An oddity of this year's NCAA tournament: with New Mexico's loss tonight, the westernmost remaining team is Baylor. Waco is east of the geographical center of the contiguous 48; with 24 teams remaining, the western half of the US has been entirely eliminated.
That's never happened before. Only once in the 62 tournaments played since they went to 16 teams in 1951 has the Sweet Sixteen been without a team west of Texas, in 1985. But UNLV didn't exit the tournament until Sunday of that year, so they were still in at this point.
I don't know what, if anything, to make of this.
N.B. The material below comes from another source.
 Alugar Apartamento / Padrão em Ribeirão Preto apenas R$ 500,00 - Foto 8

I'd be more inclined to think it was just a random quirk if some high west coast seeds had been upset, but as it was the PAC-12 could barely scrape together even one tournament-worthy team.
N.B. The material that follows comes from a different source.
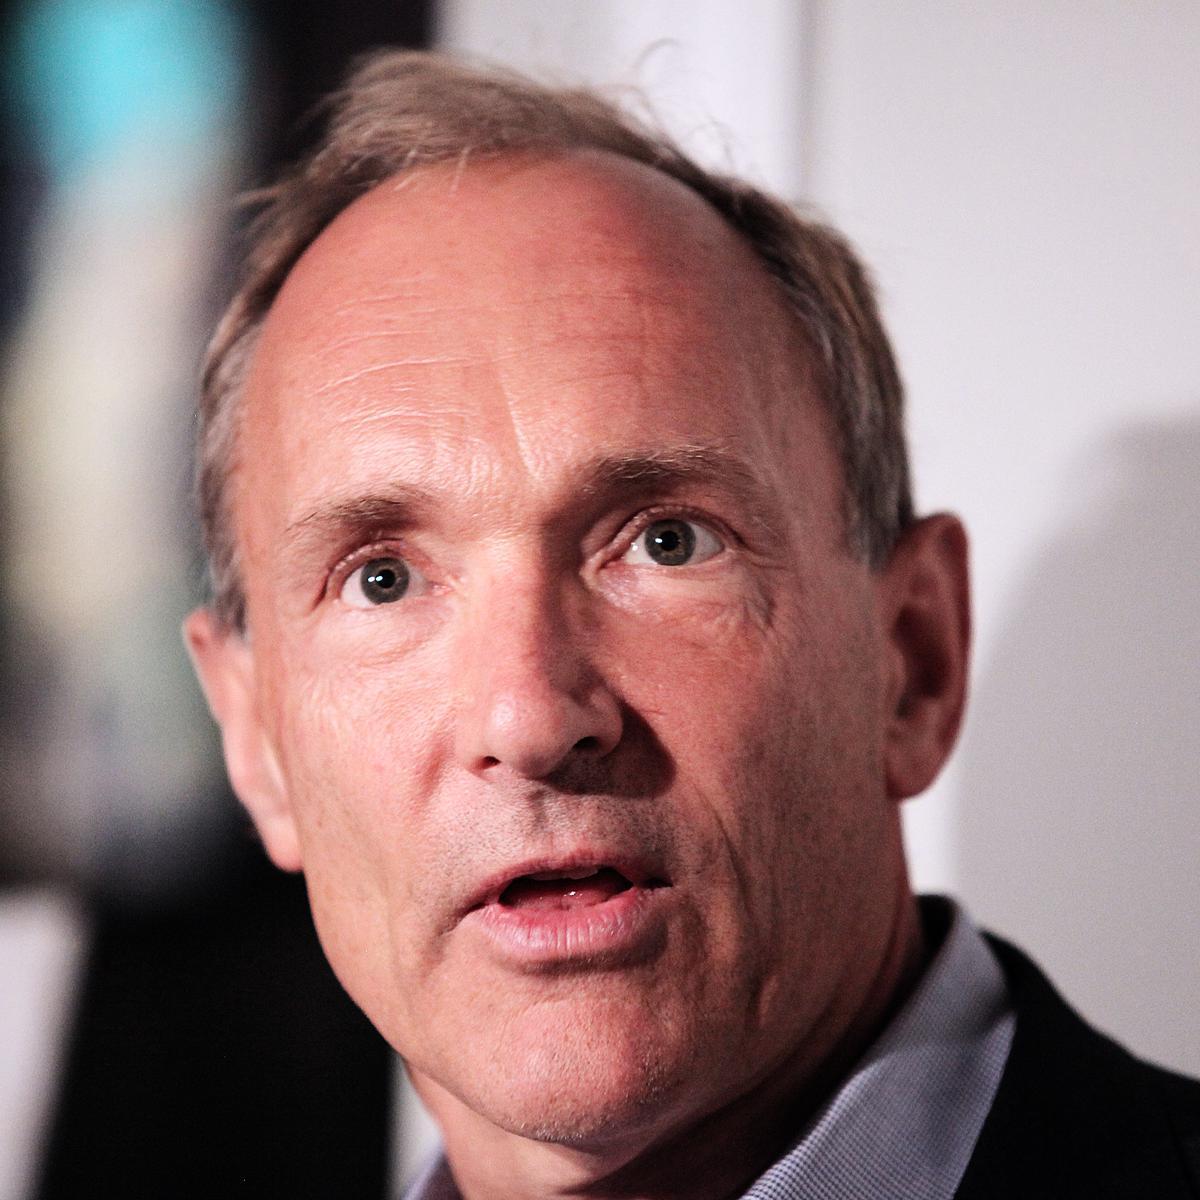 Portrait of Sir Tim Berners-Lee by Julian Hanford

I have a suspicion that the relative lack of exposure of the PAC-12 since their games went to Fox is hurting recruiting there; the MWC has also slid their games onto less exposed networks.
On the other hand you could put together a pretty good team just out of UCLA transfers, so maybe that isn't the whole story.
Thoughts, anyone?




I can't believe this isn't random. There are boatloads of talent in California and the rules that suggest plucking football players from CA is brutally difficult hold true for basketball as well. This is a pretty remarkable geographic occurrance, but I have to believe that the PAC will rebound sooner or later.
The fact that we don't get exposed to the PAC 12 much out here doesn't mean it isn't significant on the West Coast. When I lived in LA western basketball was very easy to follow and it gets a fair amount of play in print media for how large the market is. Kids growing up there know who is good. It just happens that right now they know that UCLA is a mess and USC got the NCAA smackdown. Things will turn around.
Servant. Pastor. Husband. Michigan fan in Duluth.